— TASK TO COMPLETE —
Filter the material below so that only lines containing "service" remain.

— TASK MATERIAL —

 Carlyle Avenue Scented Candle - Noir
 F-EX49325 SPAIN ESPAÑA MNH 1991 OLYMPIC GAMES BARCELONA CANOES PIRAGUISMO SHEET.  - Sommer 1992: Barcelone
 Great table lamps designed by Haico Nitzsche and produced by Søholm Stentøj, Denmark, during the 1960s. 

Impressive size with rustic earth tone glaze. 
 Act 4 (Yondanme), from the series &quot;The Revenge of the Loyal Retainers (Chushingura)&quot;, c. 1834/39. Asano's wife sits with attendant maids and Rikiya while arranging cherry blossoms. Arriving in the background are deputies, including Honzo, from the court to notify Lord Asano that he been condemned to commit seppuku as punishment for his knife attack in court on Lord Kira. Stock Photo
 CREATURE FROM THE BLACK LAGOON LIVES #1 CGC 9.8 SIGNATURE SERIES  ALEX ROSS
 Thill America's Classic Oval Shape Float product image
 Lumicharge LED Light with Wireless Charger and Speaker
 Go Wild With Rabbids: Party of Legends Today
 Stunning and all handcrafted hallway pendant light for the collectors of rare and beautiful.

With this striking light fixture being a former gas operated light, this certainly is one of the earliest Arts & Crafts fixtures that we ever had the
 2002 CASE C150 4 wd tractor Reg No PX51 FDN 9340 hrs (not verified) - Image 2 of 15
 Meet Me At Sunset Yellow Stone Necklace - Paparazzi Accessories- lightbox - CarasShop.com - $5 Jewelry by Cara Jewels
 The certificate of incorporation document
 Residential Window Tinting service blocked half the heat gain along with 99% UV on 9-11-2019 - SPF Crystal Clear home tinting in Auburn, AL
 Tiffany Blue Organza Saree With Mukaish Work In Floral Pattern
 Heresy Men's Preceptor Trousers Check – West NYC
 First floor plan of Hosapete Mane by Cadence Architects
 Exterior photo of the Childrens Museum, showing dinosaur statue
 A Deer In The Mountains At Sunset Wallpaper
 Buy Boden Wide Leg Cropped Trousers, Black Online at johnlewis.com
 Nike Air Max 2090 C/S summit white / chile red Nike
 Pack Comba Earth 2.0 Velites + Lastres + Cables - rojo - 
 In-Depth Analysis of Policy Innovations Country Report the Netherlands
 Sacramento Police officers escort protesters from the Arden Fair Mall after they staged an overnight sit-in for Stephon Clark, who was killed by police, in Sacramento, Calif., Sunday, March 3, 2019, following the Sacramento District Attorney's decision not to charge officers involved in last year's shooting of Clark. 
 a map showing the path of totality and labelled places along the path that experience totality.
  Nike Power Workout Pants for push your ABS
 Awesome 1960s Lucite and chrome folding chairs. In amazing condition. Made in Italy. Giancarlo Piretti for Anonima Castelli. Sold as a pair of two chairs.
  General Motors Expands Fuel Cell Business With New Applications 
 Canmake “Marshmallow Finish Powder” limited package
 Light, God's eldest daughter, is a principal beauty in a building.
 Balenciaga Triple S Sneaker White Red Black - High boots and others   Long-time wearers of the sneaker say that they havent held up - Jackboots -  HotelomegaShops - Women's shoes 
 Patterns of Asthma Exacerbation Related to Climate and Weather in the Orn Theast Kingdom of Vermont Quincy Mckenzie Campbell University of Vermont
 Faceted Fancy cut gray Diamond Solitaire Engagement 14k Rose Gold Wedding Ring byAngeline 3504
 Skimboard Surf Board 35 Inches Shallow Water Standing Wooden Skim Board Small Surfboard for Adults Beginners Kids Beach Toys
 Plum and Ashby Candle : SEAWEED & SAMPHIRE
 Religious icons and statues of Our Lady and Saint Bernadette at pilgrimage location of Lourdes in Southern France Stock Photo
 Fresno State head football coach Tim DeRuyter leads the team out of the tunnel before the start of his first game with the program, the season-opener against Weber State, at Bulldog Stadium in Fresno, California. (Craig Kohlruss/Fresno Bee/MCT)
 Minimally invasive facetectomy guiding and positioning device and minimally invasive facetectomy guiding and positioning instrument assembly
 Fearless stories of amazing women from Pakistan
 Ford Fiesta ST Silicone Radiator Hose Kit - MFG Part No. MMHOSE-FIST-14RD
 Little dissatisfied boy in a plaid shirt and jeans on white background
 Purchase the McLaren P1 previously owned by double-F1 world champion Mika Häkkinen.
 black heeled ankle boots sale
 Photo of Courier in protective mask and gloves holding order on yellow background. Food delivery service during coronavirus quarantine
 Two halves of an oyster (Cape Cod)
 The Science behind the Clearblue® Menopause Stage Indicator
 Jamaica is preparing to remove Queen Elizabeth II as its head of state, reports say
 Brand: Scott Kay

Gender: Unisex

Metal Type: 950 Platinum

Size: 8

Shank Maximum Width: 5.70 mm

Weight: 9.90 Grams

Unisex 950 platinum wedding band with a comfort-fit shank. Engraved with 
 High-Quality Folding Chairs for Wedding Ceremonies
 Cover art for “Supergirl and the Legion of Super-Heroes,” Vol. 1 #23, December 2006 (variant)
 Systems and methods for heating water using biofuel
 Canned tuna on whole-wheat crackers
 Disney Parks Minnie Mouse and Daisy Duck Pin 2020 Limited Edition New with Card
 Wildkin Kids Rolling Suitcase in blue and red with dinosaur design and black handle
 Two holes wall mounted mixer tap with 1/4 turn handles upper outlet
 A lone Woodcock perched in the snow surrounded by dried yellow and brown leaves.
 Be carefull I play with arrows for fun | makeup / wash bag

— SOLUTION TO THE EXERCISE —
 Residential Window Tinting service blocked half the heat gain along with 99% UV on 9-11-2019 - SPF Crystal Clear home tinting in Auburn, AL
 Photo of Courier in protective mask and gloves holding order on yellow background. Food delivery service during coronavirus quarantine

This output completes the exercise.